Jove
Visualize
联系我们
JoVE
x logofacebook logolinkedin logoyoutube logo
关于 JoVE
概览领导团队博客JoVE 帮助中心
作者
出版流程编辑委员会范围与政策同行评审常见问题投稿
图书馆员
用户评价订阅访问资源图书馆顾问委员会常见问题
研究
JoVE JournalMethods CollectionsJoVE Encyclopedia of Experiments存档
教育
JoVE CoreJoVE BusinessJoVE Science EducationJoVE Lab Manual教师资源中心教师网站
使用条款与条件
隐私政策
政策

相关概念视频

您也可能阅读

相关文章

通过共同作者、期刊和引用图与本文相关的文章。

排序
Same author

Artificial intelligence based assessment of treatment response in wet age related macular degeneration using paired OCT angiography.

Scientific reports·2026
Same author

Universal Vessel Segmentation for Multi-Modality Retinal Images.

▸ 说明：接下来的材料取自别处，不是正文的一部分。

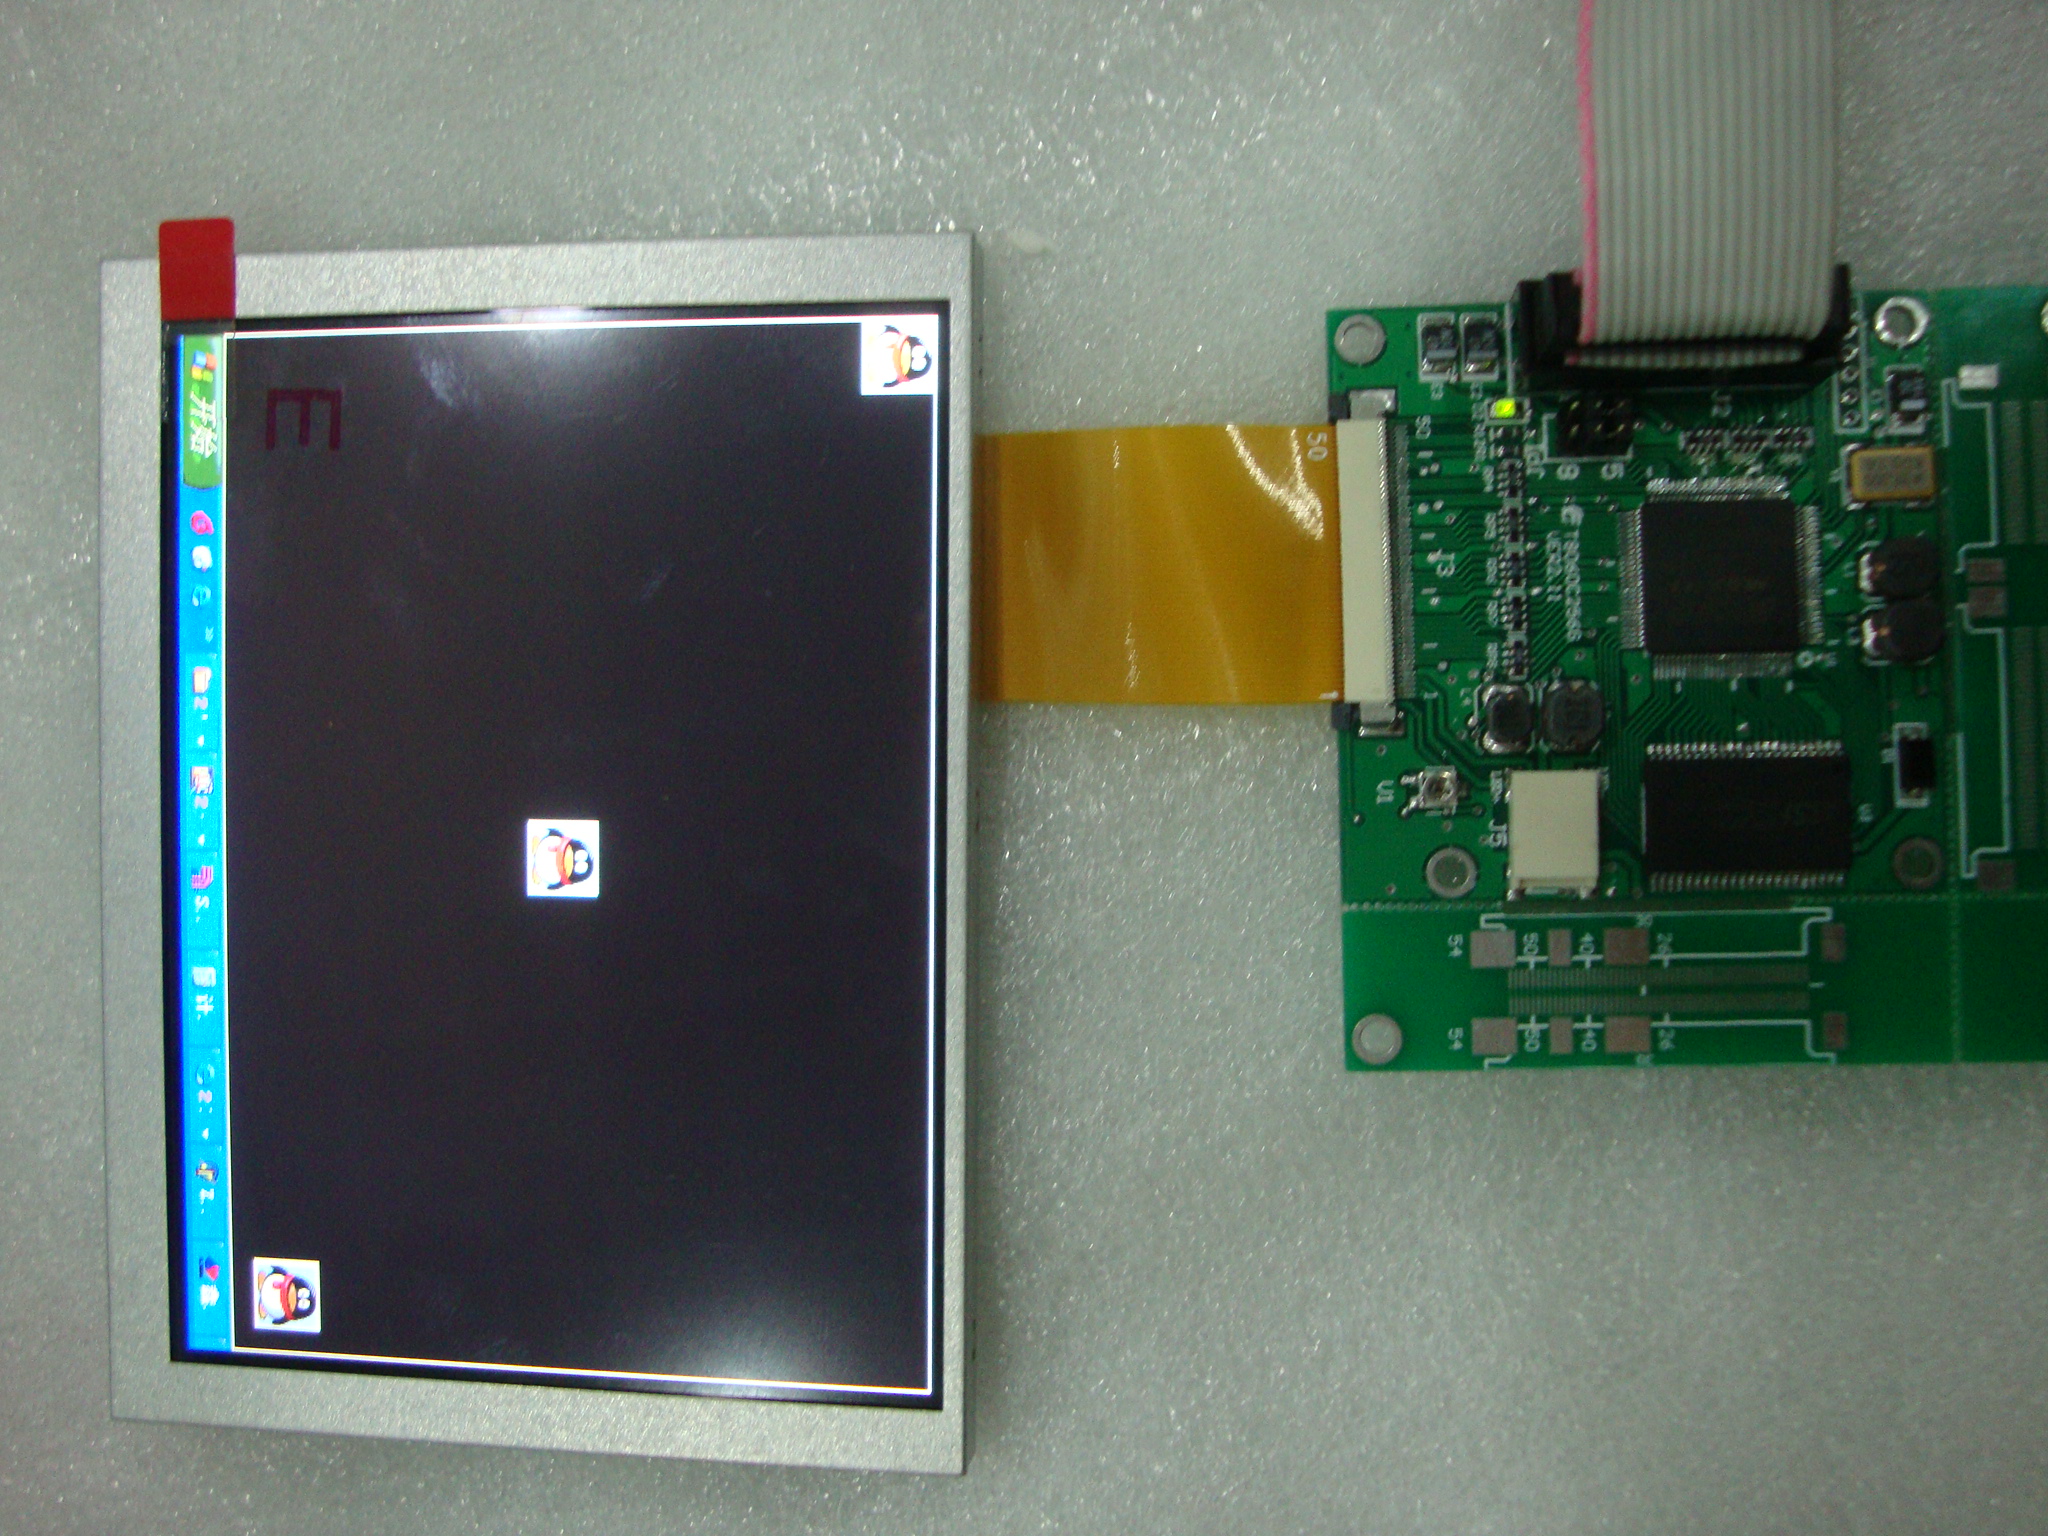 方显 供应仪器仪表TFT LCD控制器  厂家大量批发 量大从优 品质售后有保障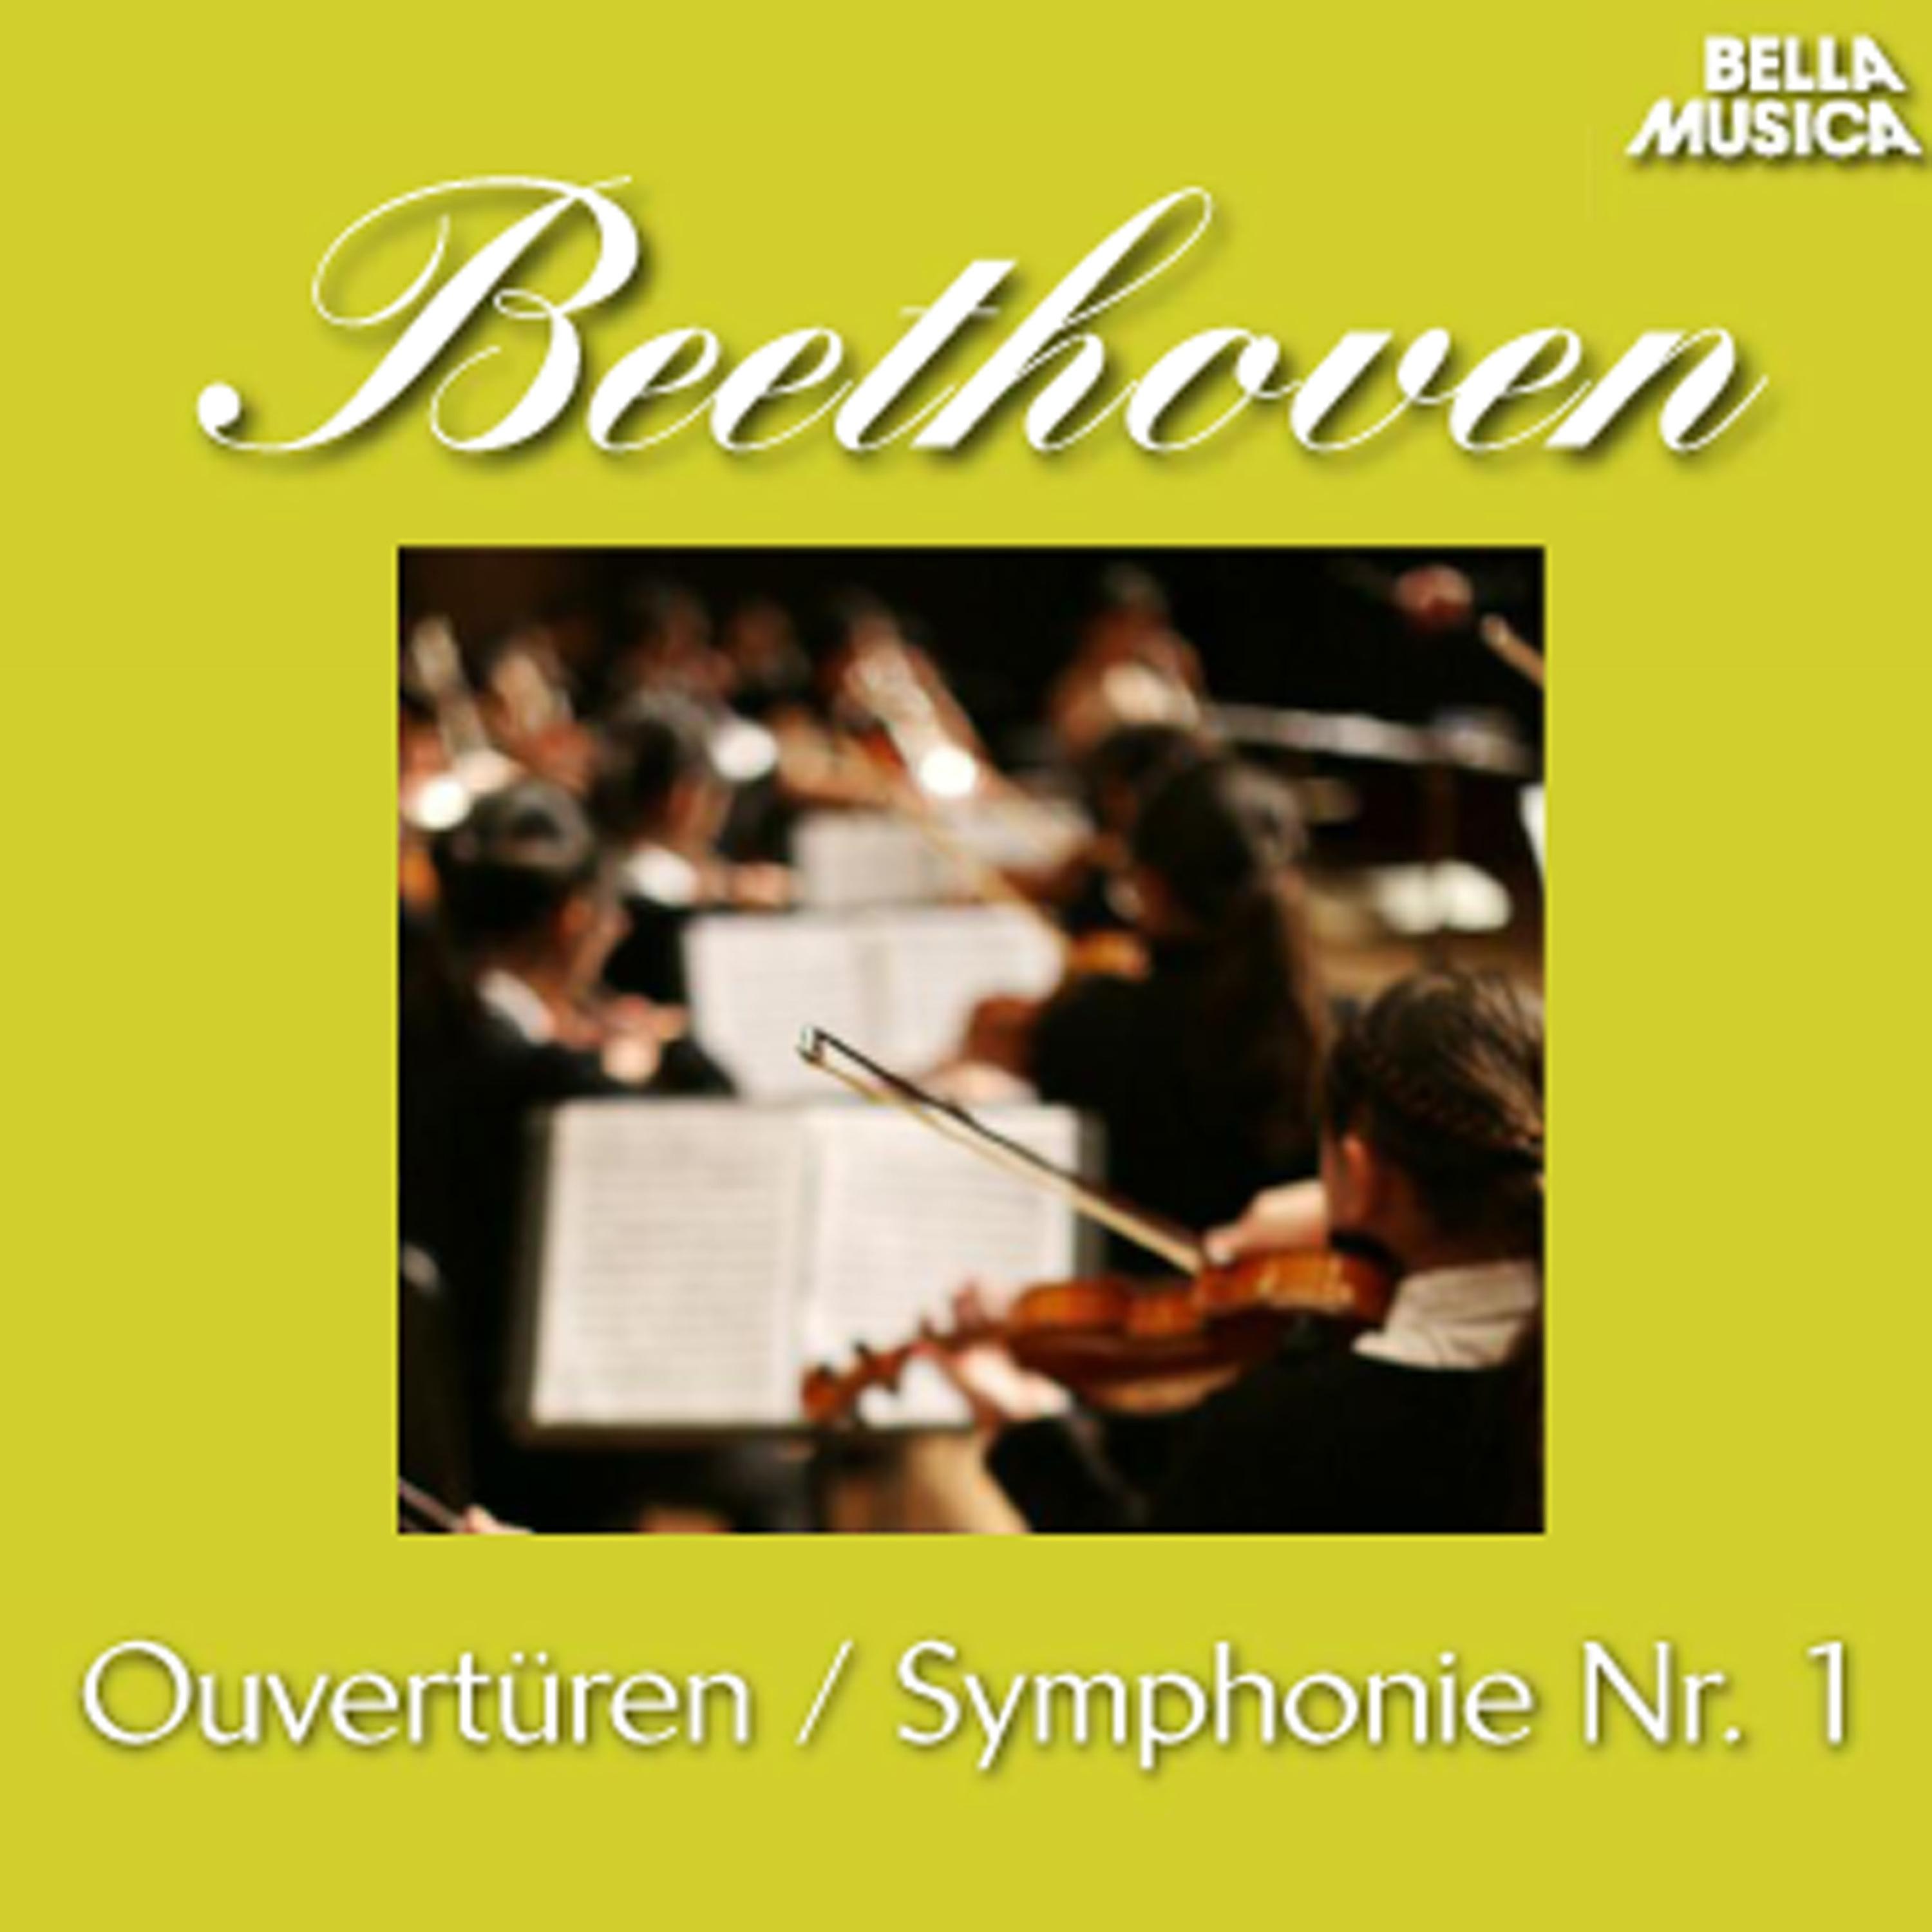 Leonoren Ouvertü re No. 3 fü r Orchester, Op. 72a

IEEE transactions on image processing : a publication of the IEEE Signal Processing Society·2025
Same author

Pointwise Structure-Function Analysis of the Ellipsoid Zone in Retinitis Pigmentosa Using an Artificial Intelligence-Assisted OCT and Microperimetry Overlay.

Ophthalmology science·2025
Same author

A Dataset for Understanding Radiologist-Artificial Intelligence Collaboration.

Scientific data·2025
Same author

OCTA-based AMD Stage Grading Enhancement via Class-Conditioned Style Transfer.

Annual International Conference of the IEEE Engineering in Medicine and Biology Society. IEEE Engineering in Medicine and Biology Society. Annual International Conference·2025
Same author

Profile of snakebite cases admitted to the Poison Control Center of Bach Mai Hospital in northern Vietnam from 2008 to 2020.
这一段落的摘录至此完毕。